▶ Task brief:
Return the lines of the listing below exactly as they appear, beginning at the one with "Herpes Zoster Clinical" and stopping after the one with "Angoily Construction Accessories"; do not include pictures.

▶ Extracted records:

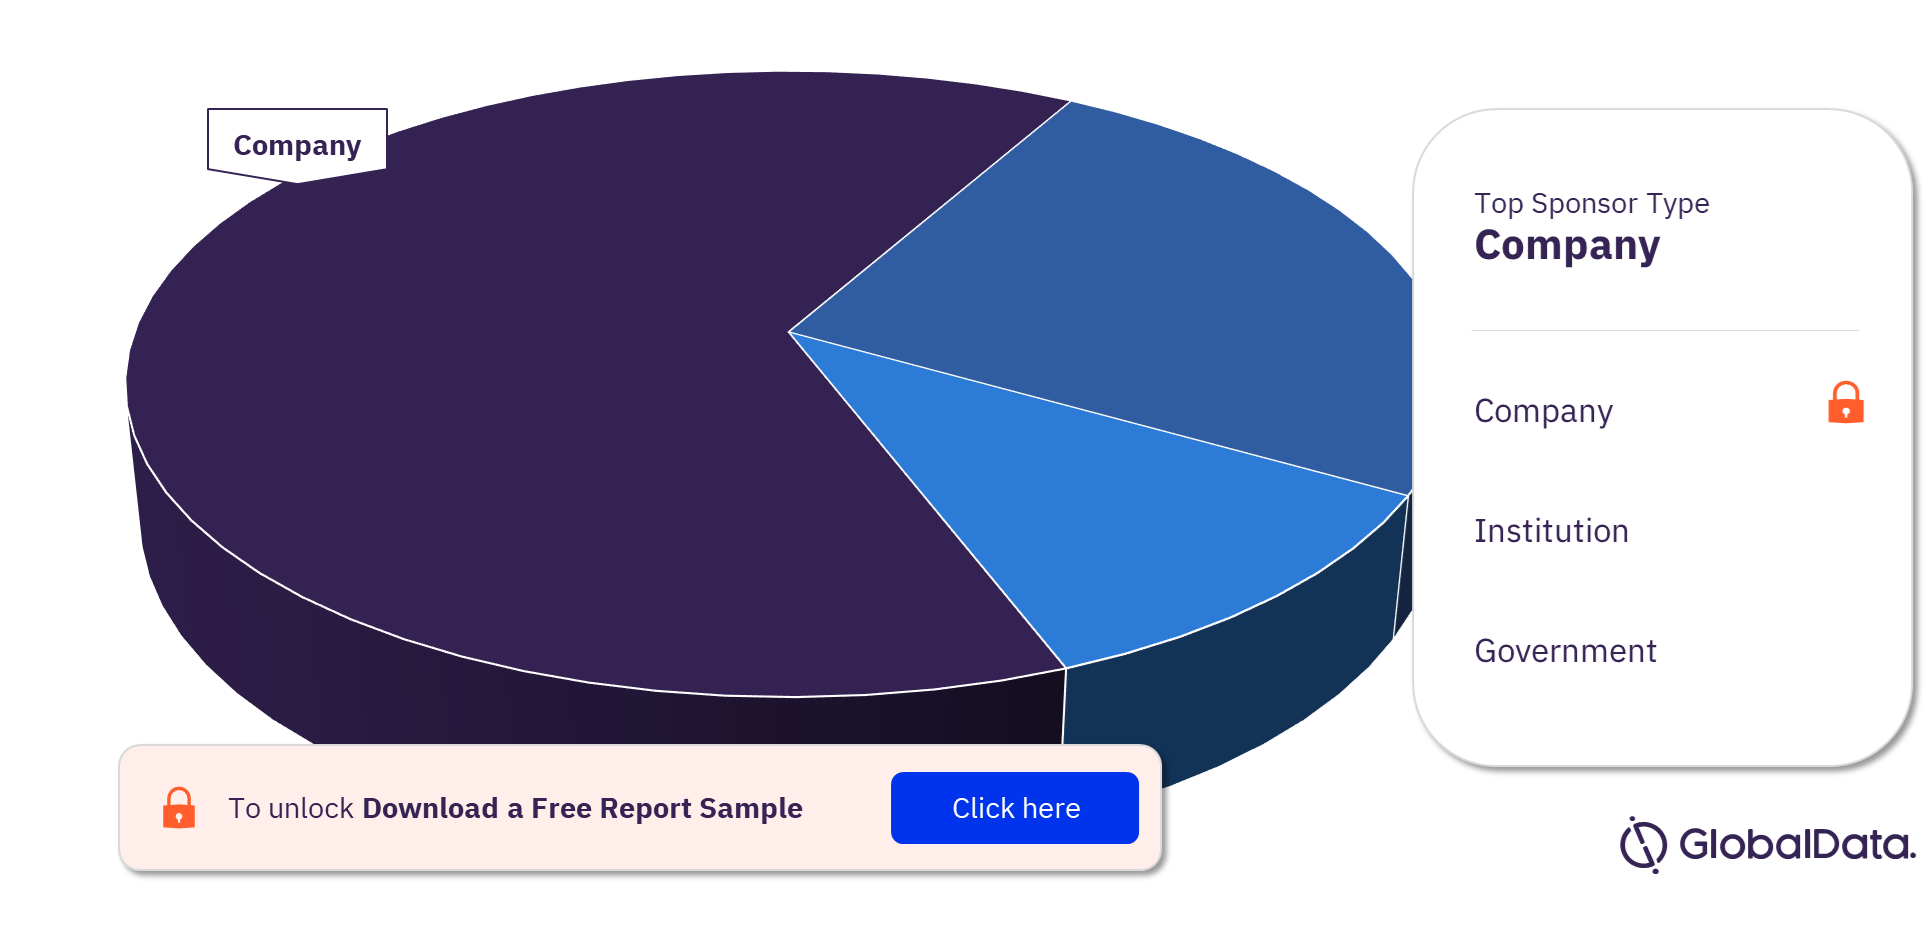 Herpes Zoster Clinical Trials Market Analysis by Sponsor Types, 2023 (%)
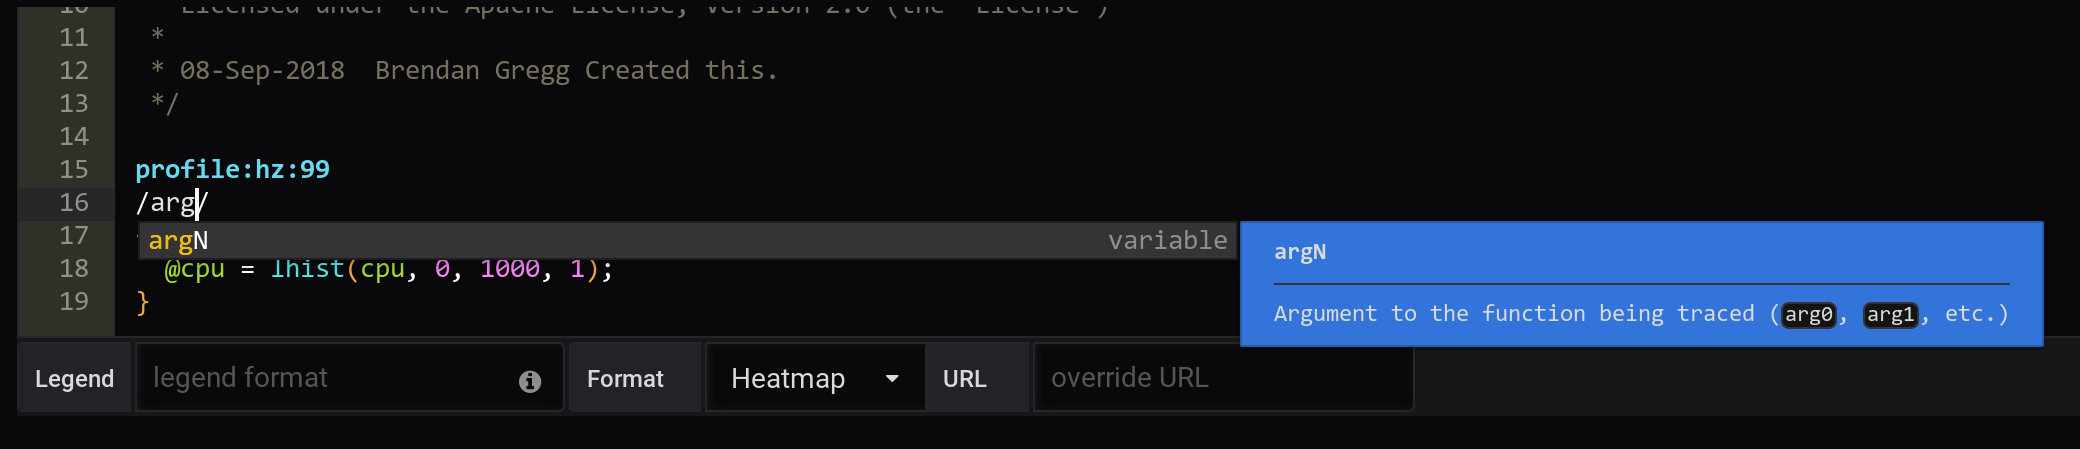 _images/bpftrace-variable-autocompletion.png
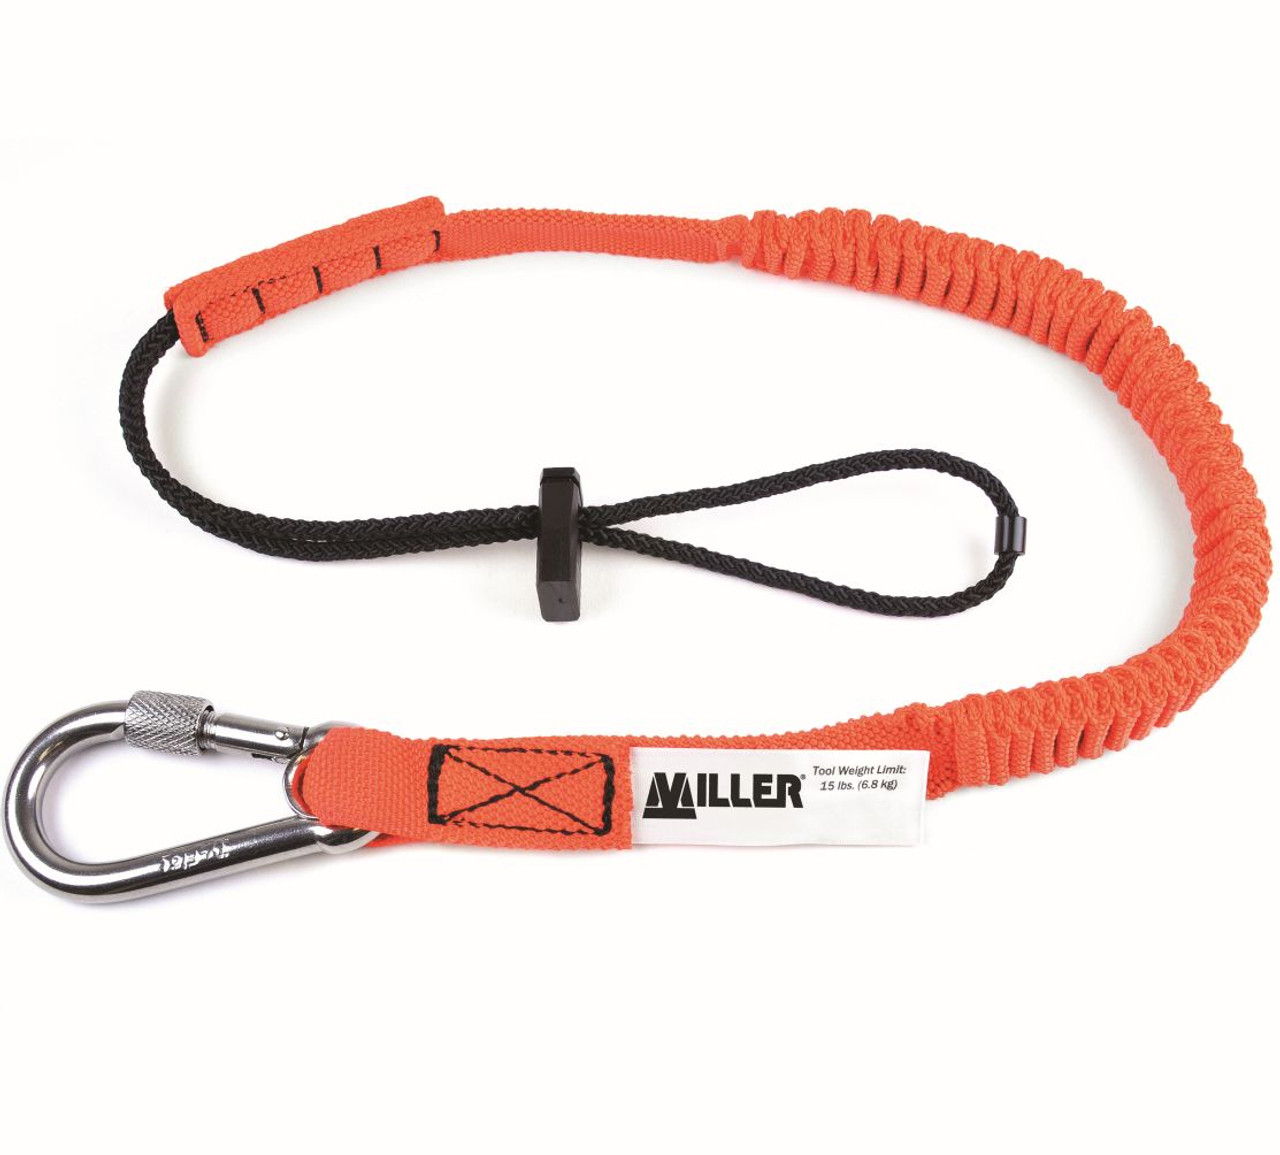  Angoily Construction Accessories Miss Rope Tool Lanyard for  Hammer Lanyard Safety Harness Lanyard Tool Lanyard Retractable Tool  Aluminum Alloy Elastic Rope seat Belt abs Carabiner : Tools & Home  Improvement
...
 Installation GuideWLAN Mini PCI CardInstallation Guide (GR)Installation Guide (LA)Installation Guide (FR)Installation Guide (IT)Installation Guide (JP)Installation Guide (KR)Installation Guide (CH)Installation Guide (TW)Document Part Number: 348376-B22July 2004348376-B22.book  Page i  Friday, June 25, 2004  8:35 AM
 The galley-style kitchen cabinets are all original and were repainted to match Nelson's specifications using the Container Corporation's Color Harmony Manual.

▶ Task result:
 Herpes Zoster Clinical Trials Market Analysis by Sponsor Types, 2023 (%)
 _images/bpftrace-variable-autocompletion.png
  Angoily Construction Accessories Miss Rope Tool Lanyard for  Hammer Lanyard Safety Harness Lanyard Tool Lanyard Retractable Tool  Aluminum Alloy Elastic Rope seat Belt abs Carabiner : Tools & Home  Improvement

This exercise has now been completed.